Information provided ::
++++

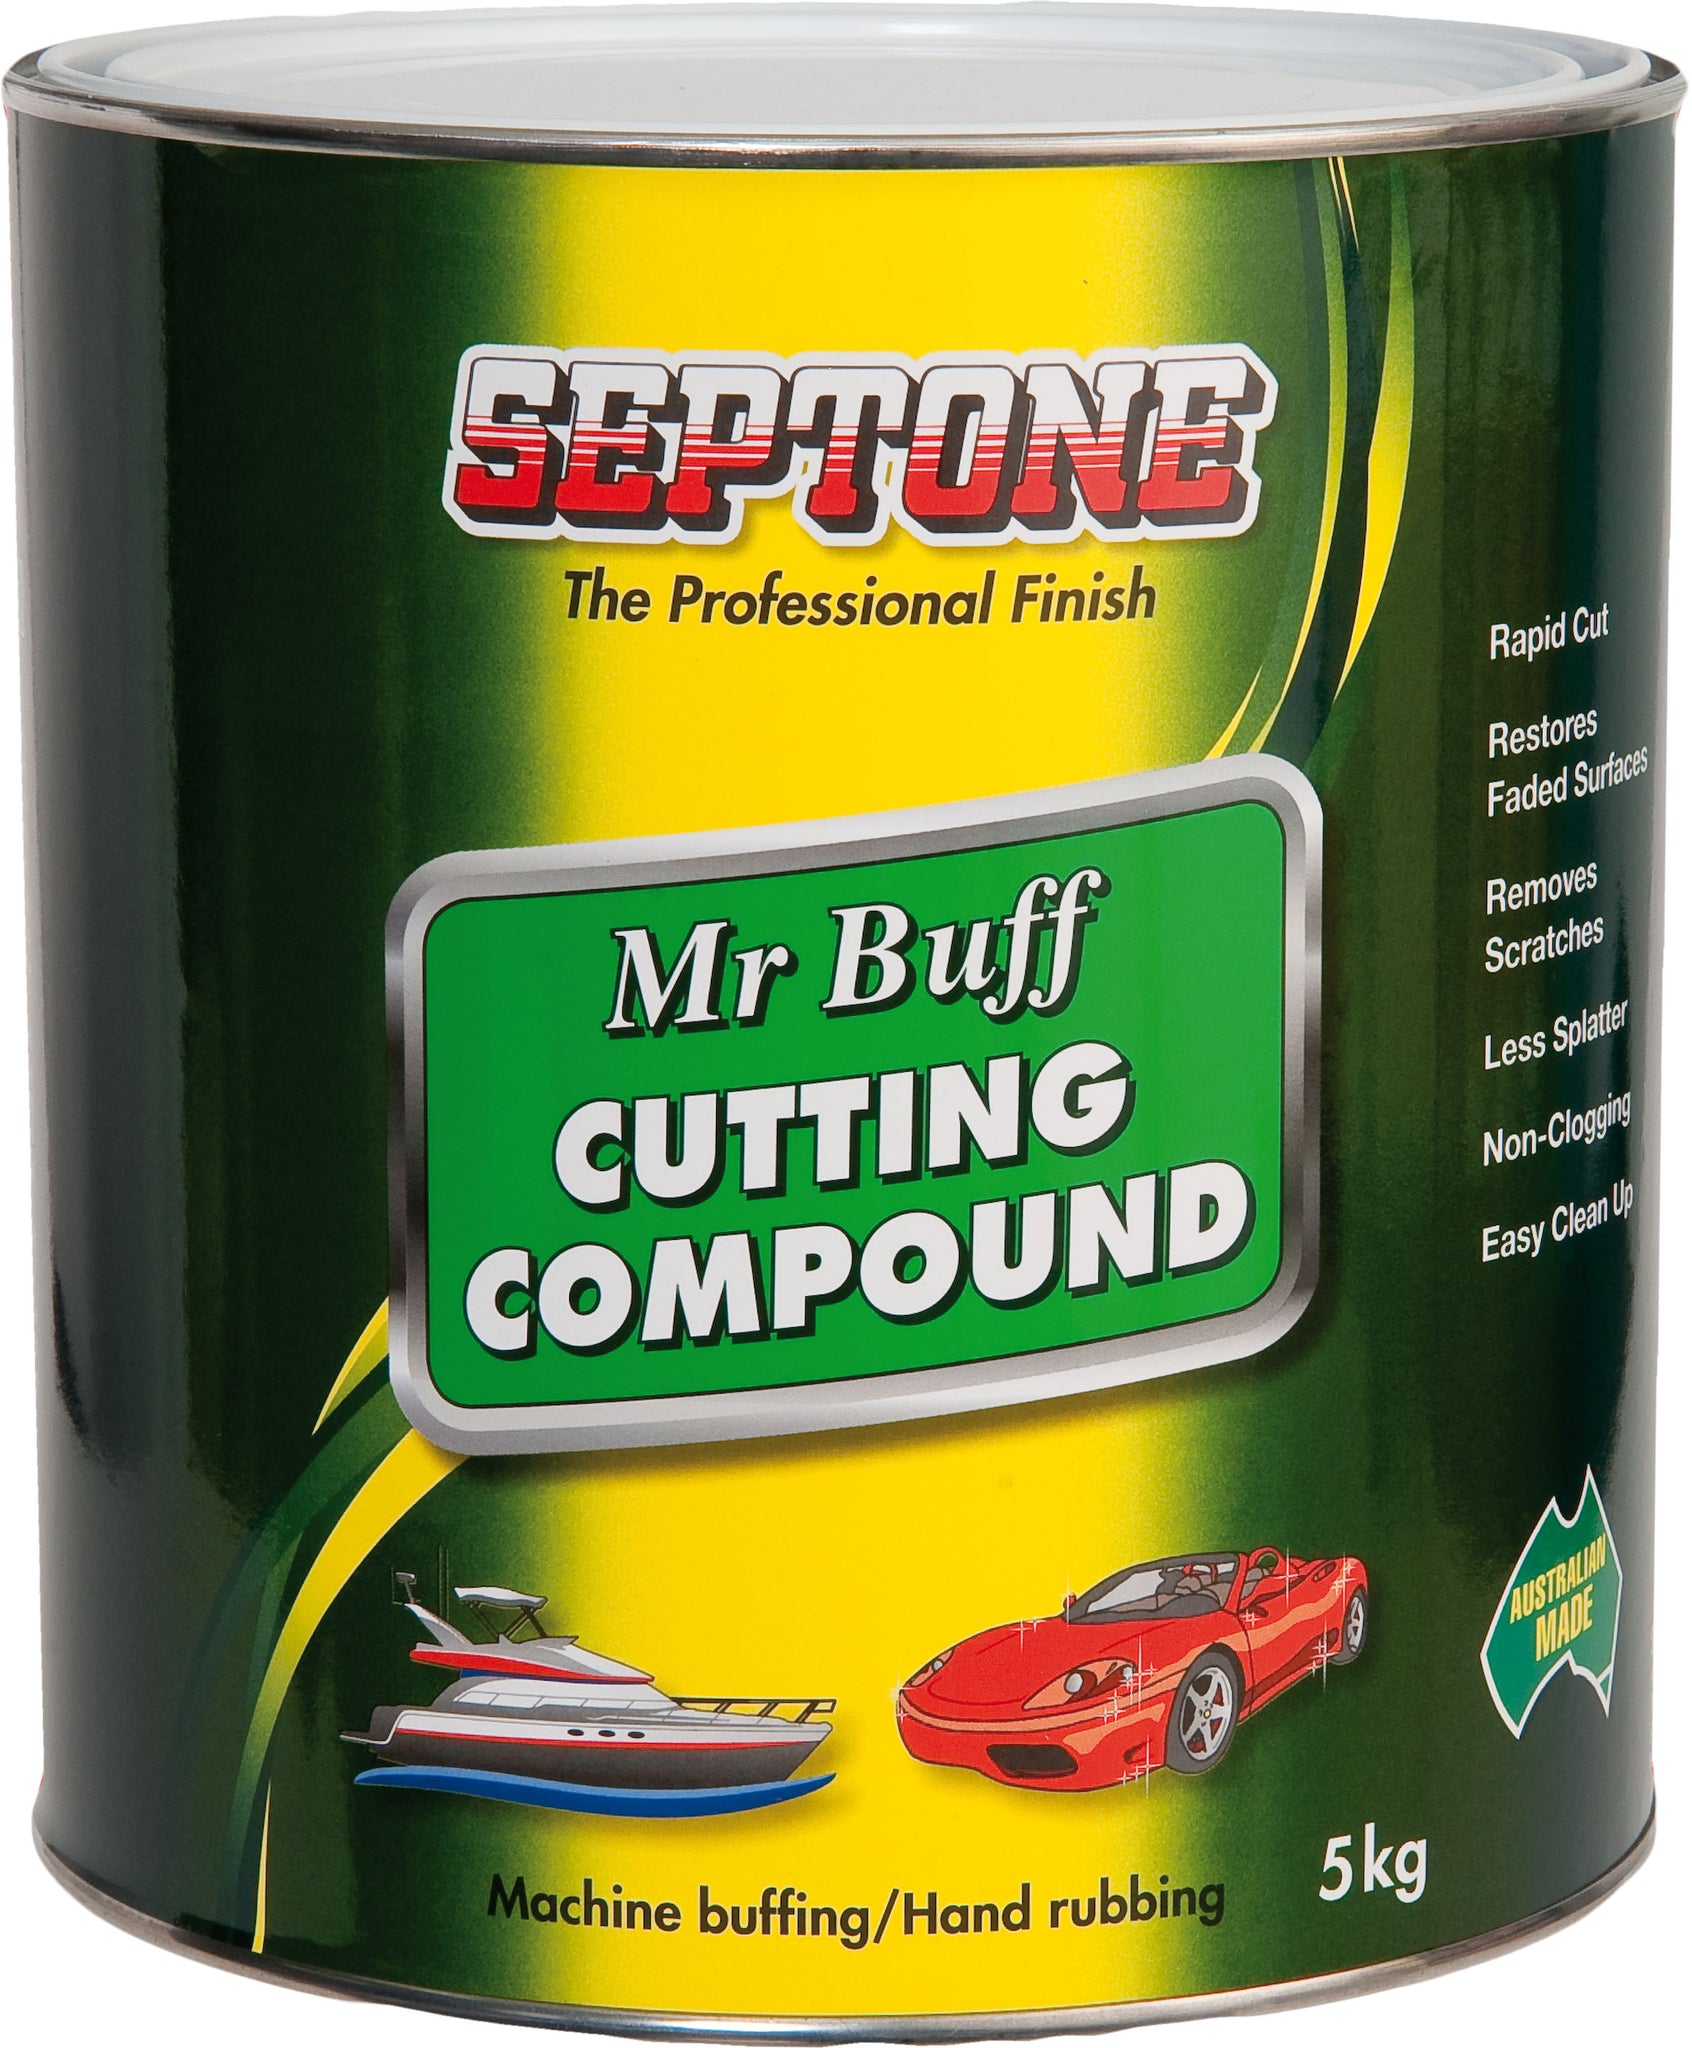 Septone® Mr Buff Cutting Compound - 500g
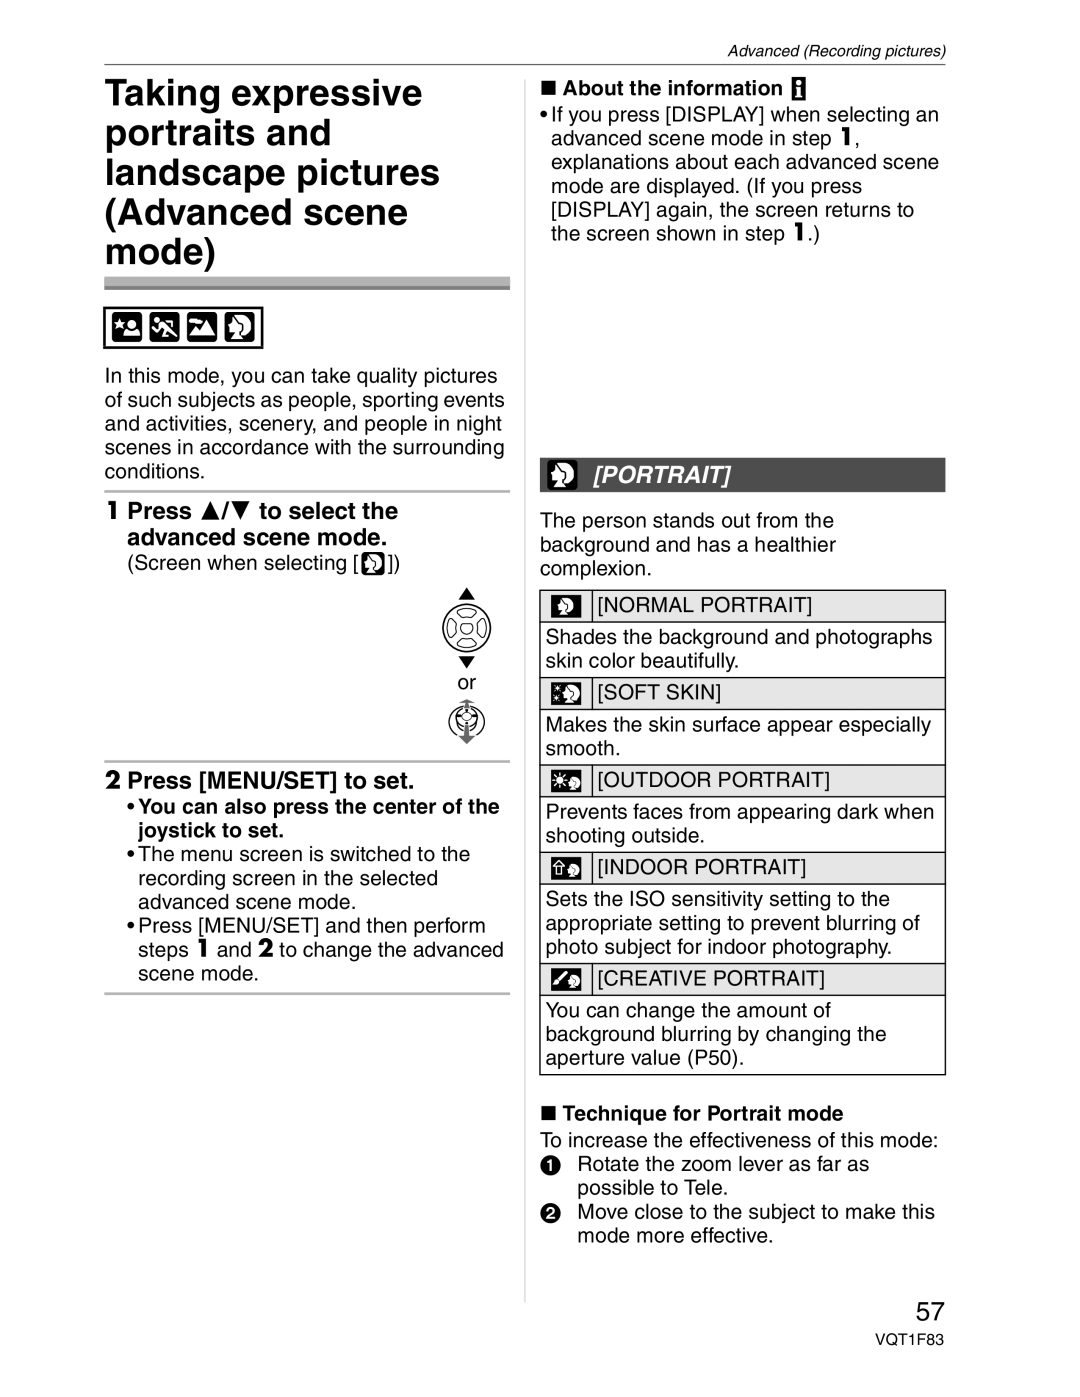 Panasonic DMC-FZ18 Press / to select the advanced scene mode, About the information, Technique for Portrait mode 
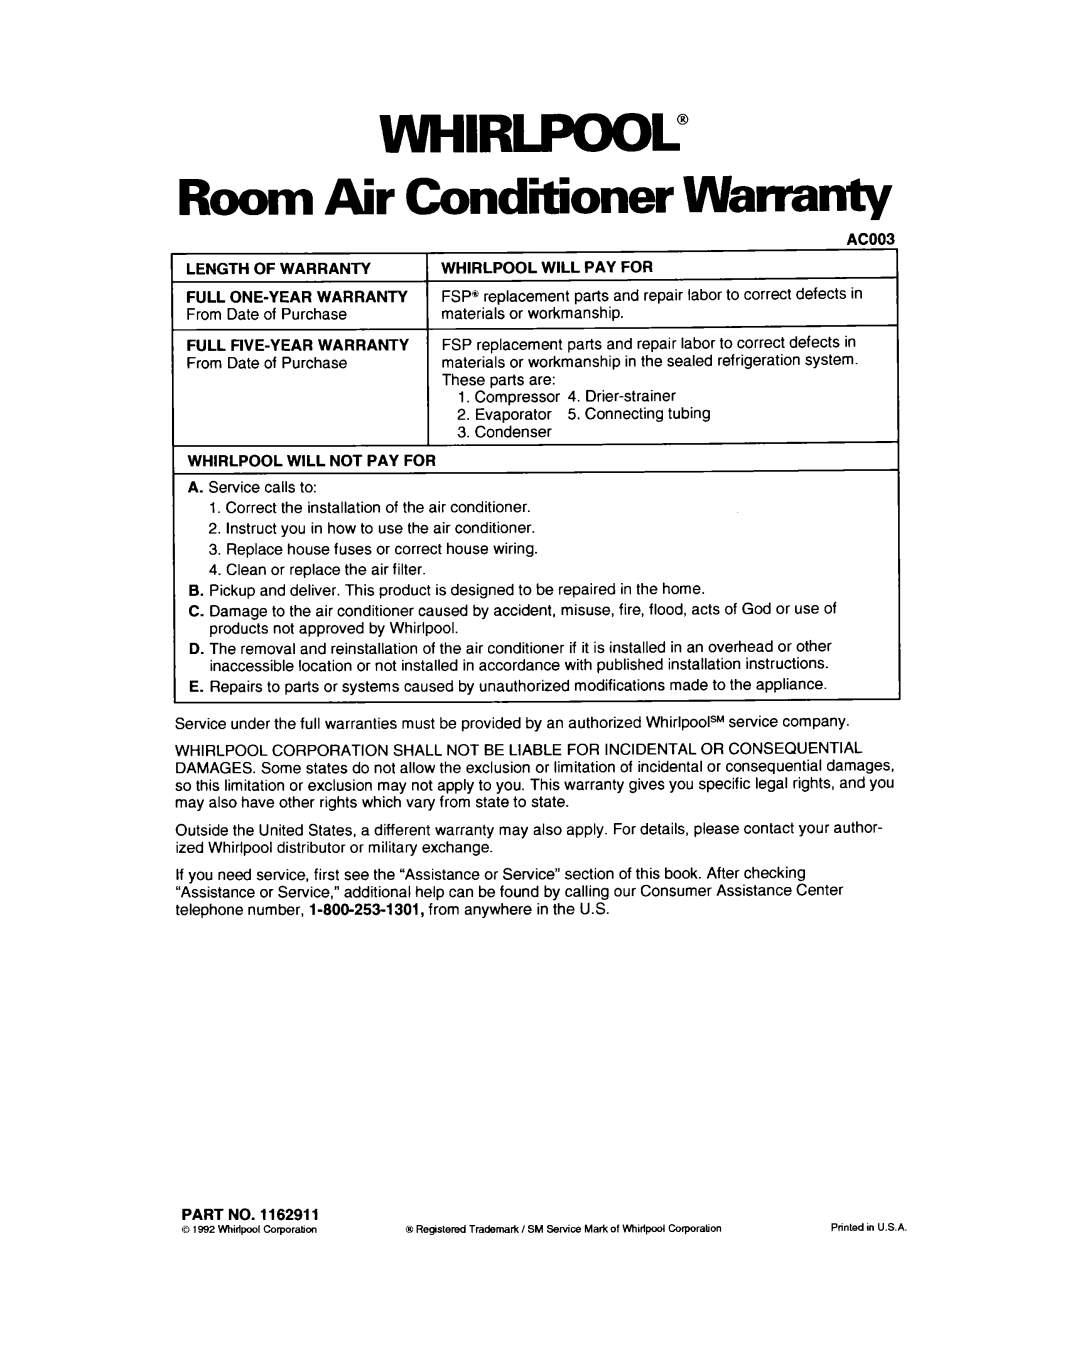 Whirlpool ACQ062, AC0052 warranty Whirlpool@, Wammty, Room, Conditioner 
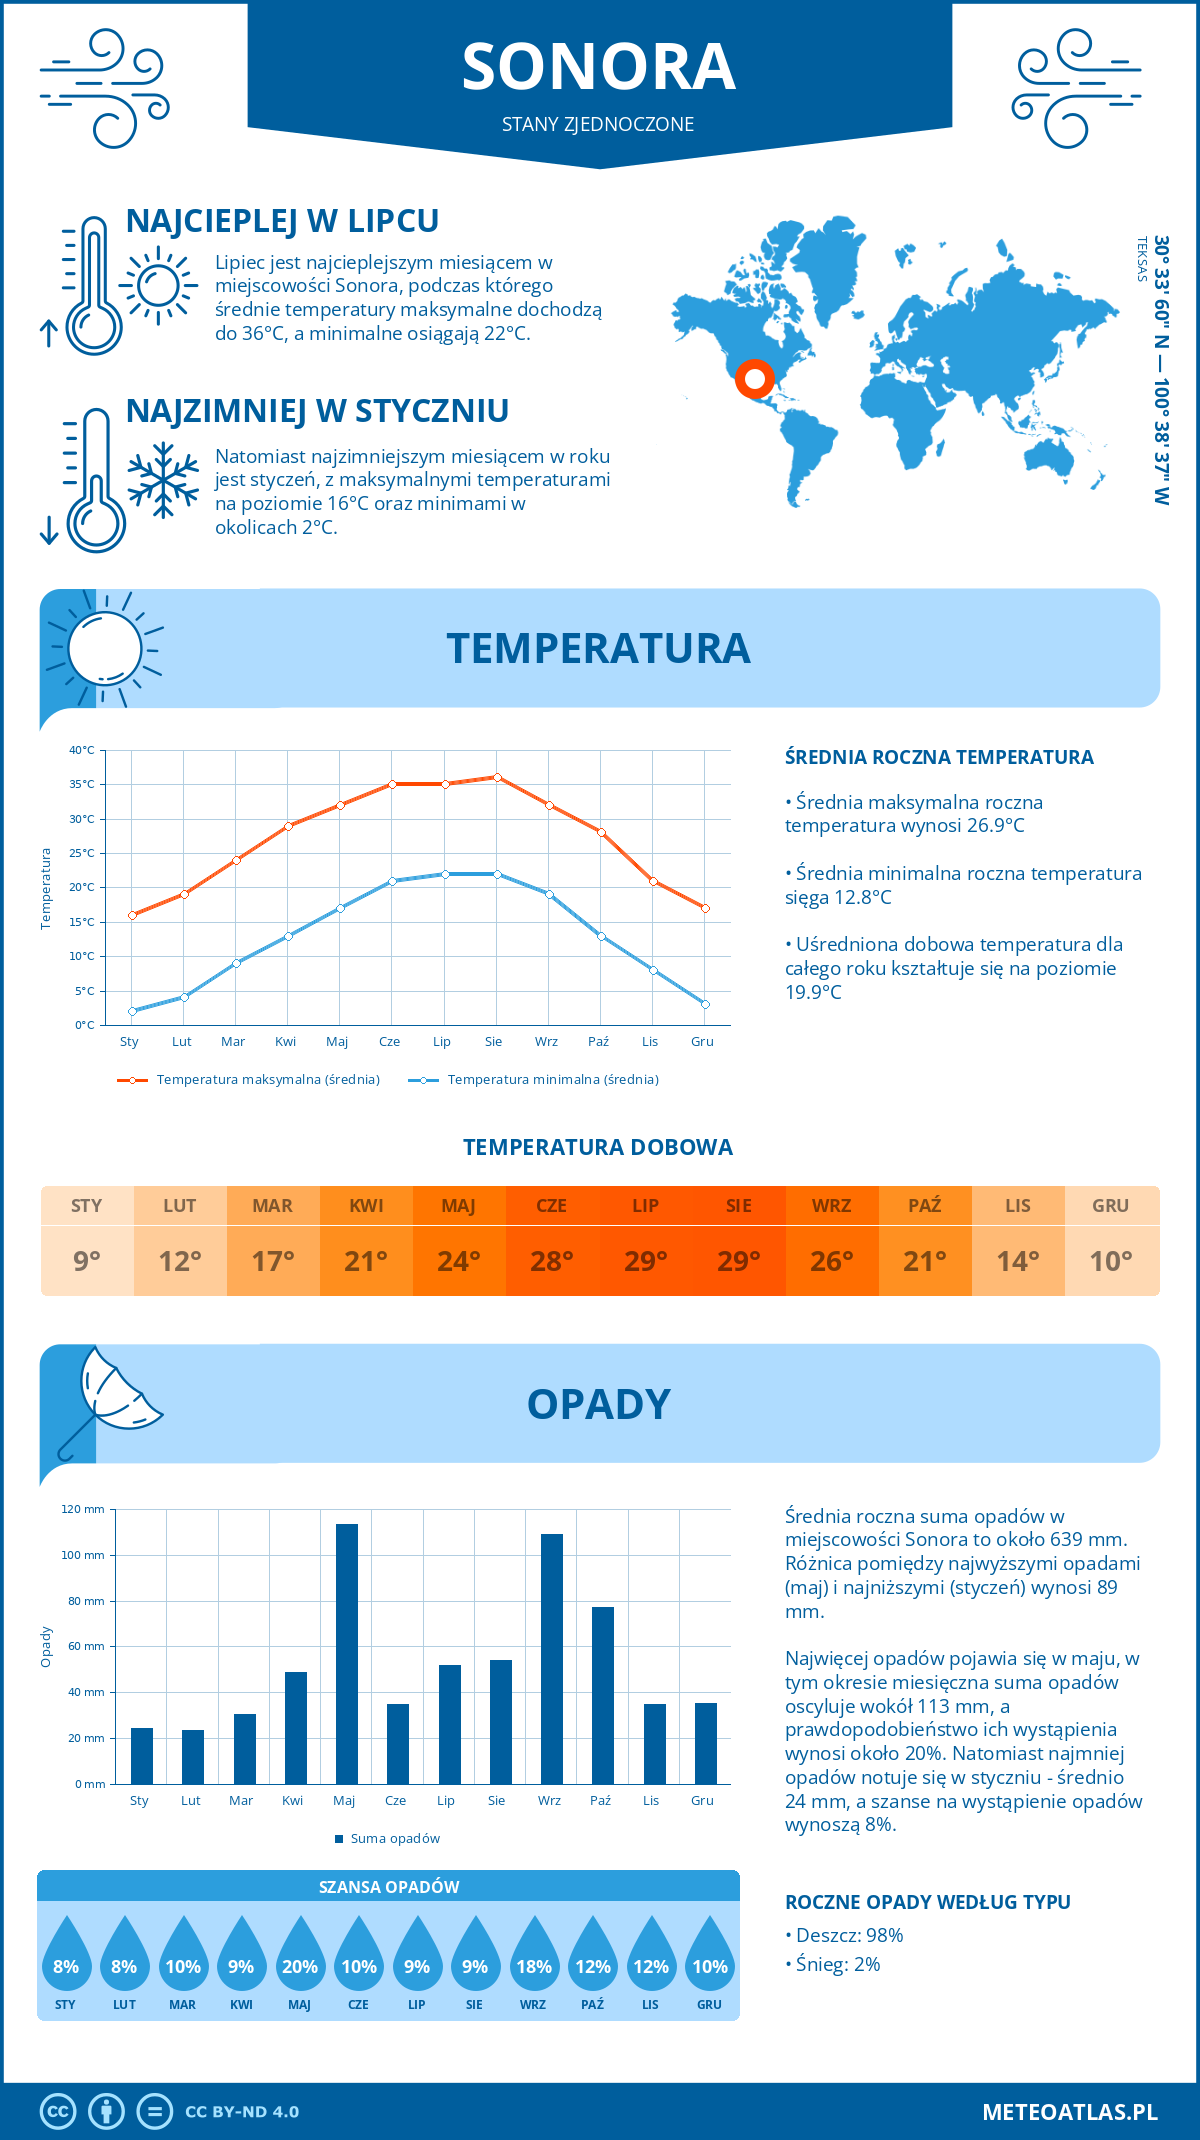 Pogoda Sonora (Stany Zjednoczone). Temperatura oraz opady.

++++

Work instructions :: Through to the final line, copy the material above exactly and skip the images.

Answer to this task ::
 Septone® Mr Buff Cutting Compound - 500g
 Panasonic DMC-FZ18 Press / to select the advanced scene mode, About the information, Technique for Portrait mode 
 Whirlpool ACQ062, AC0052 warranty Whirlpool@, Wammty, Room, Conditioner 
 Pogoda Sonora (Stany Zjednoczone). Temperatura oraz opady.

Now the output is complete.